Kingborough Lions United Football Club is a semi-professional association football club based in Kingston, Tasmania. Founded in 1998, the club currently competes many leagues including in the NPL Tasmania and the Women's Super League. The club has a large playing group ranging and teams range from juniors, youth academy, and social teams through to high performance men and women's programs.

History
Kingborough Lions has a complicated history having been formed out of several mergers of former clubs in the Hobart region. The club in its current form was formed after a merger between Kingborough United and West Hobart Lions in 1998.
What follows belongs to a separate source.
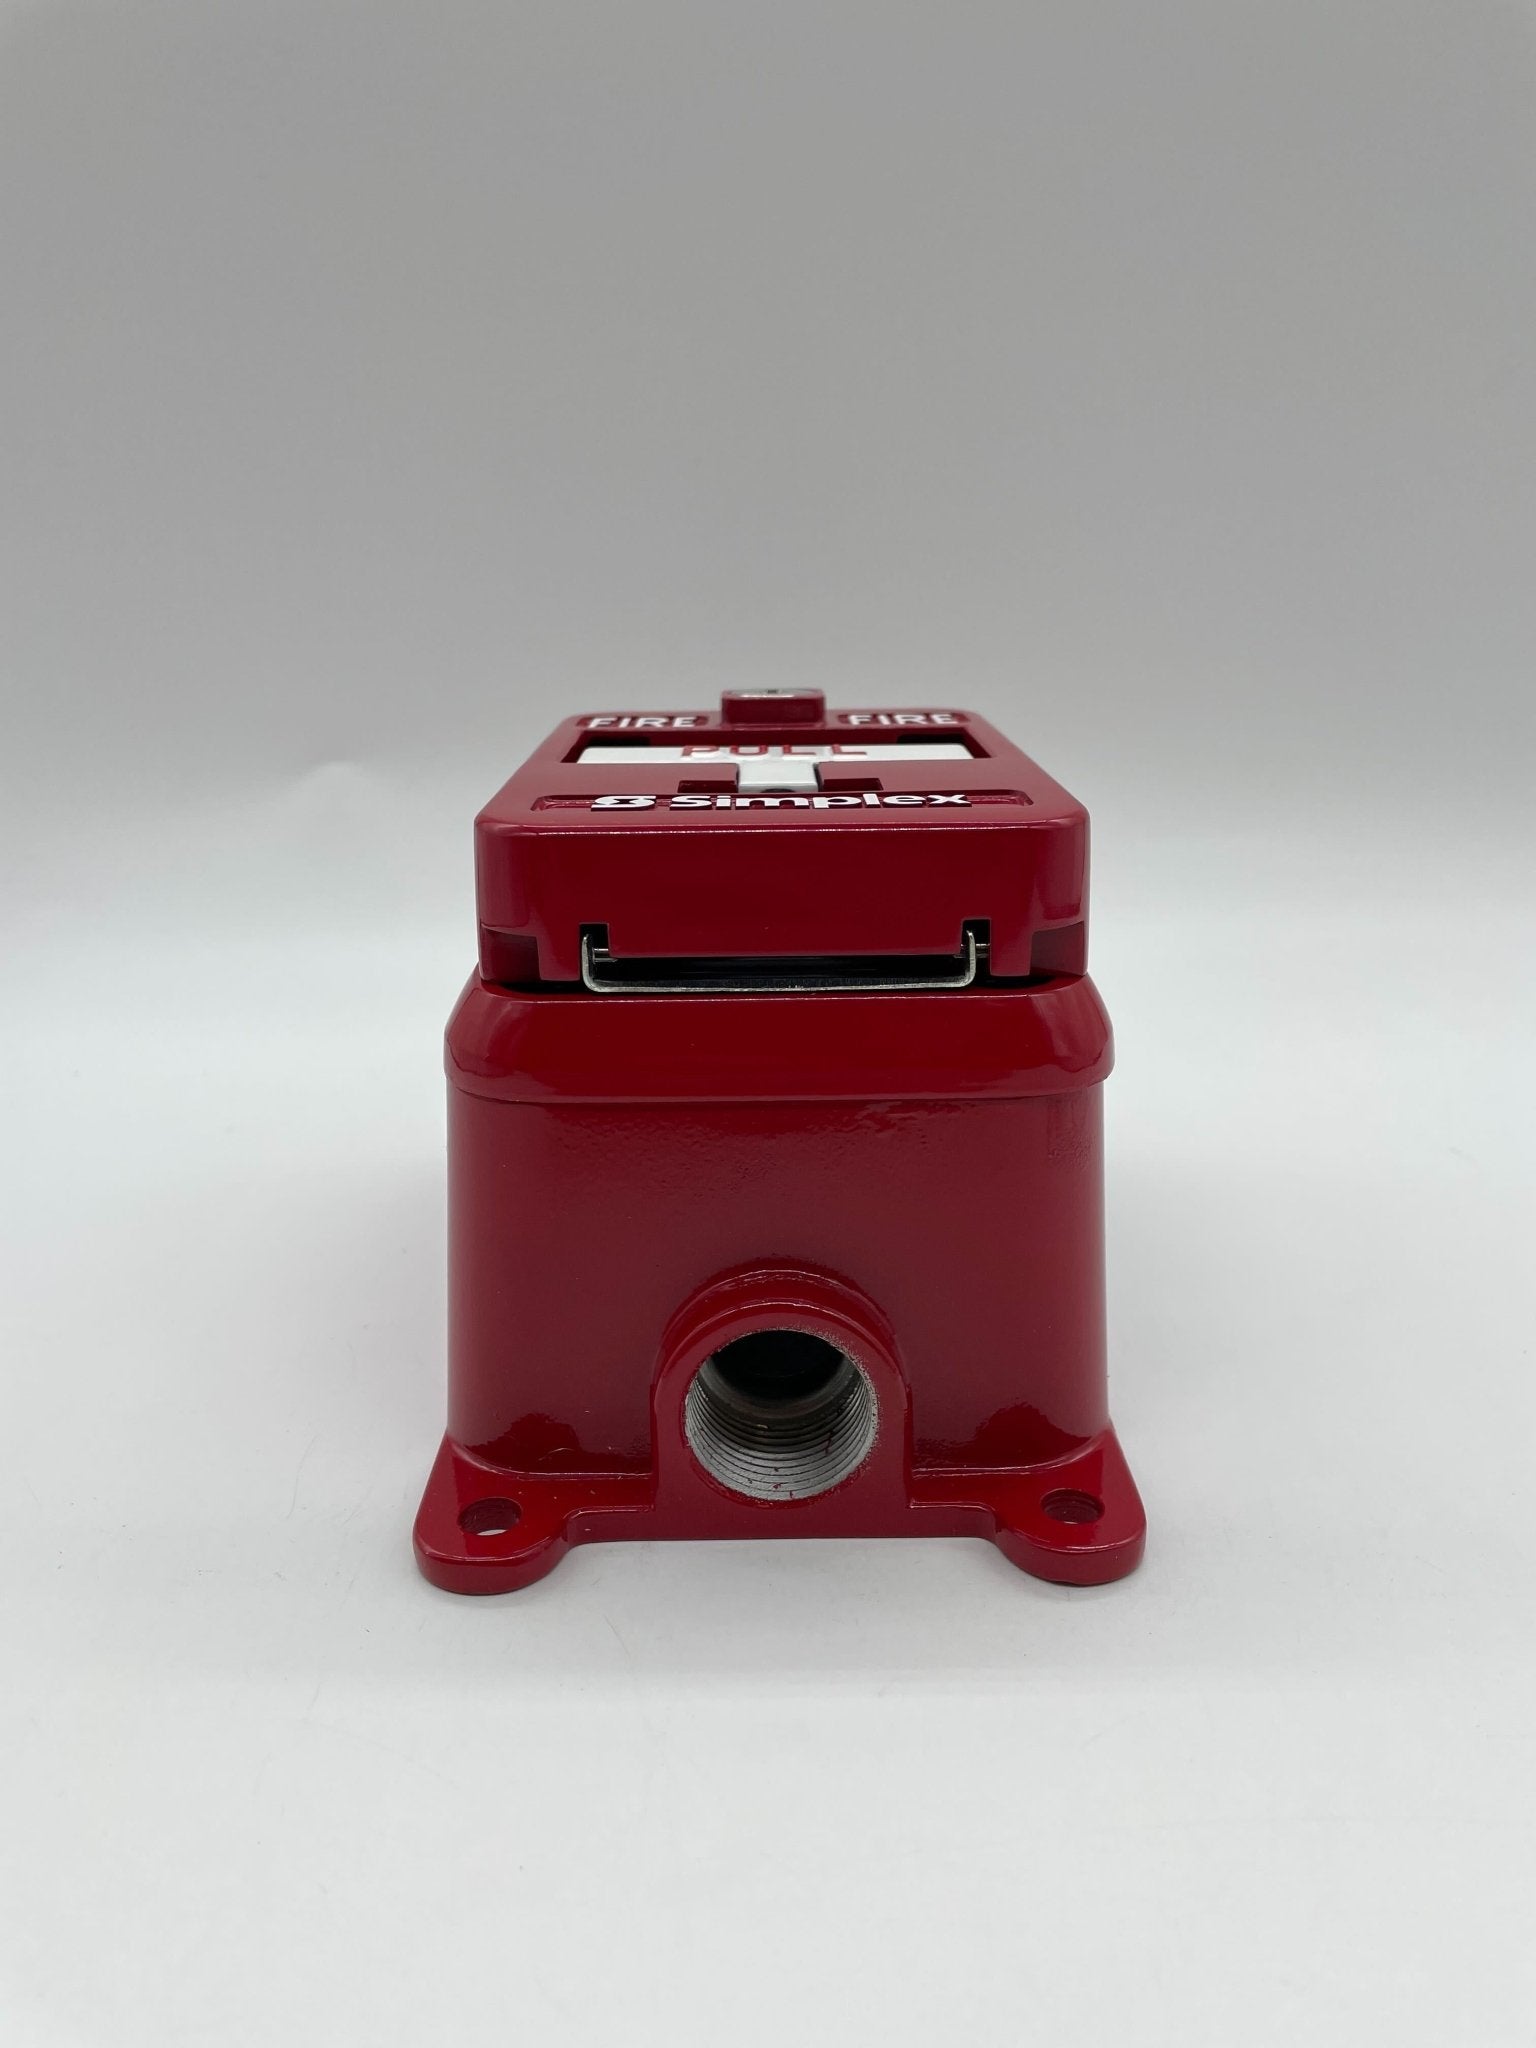 Simplex 2099-9144 - The Fire Alarm Supplier

Kingborough United were a long standing southern-based Premier League team and was the result of the previous mergers of Kingston Cannons and Rapid Hobart. The club's original home ground was the Sherburd Park Complex, which it shared with the Blackmans Bay District Cricket Club. In 1996, the club moved to the then Tasmanian Baseball Complex (Now known as the Lightwood Park Complex), taking up a long term tenancy and they shared the facilities with the Kingston Crows Cricket Club.

Caledonian Soccer Club (West Hobart Lions) was already a unified side formed out of a smaller West Hobart club, and the previously largely successful side of "Caledonians" who were a powerhouse club in the 1950s, but had since faded.
The side was relatively nomadic in existence with no permanent facilities, but training was generally undertaken at the West Hobart Oval. Caledonian Soccer Club was forced to change their name in 1994 after an edict from the newly formed Soccer Australia mandated clubs could not use ethnic connotations in club names.

In 2010 the club began operating under the updated name of Kingborough Lions United Football Club, and in 2012 a new logo was designed and presented on all playing strips.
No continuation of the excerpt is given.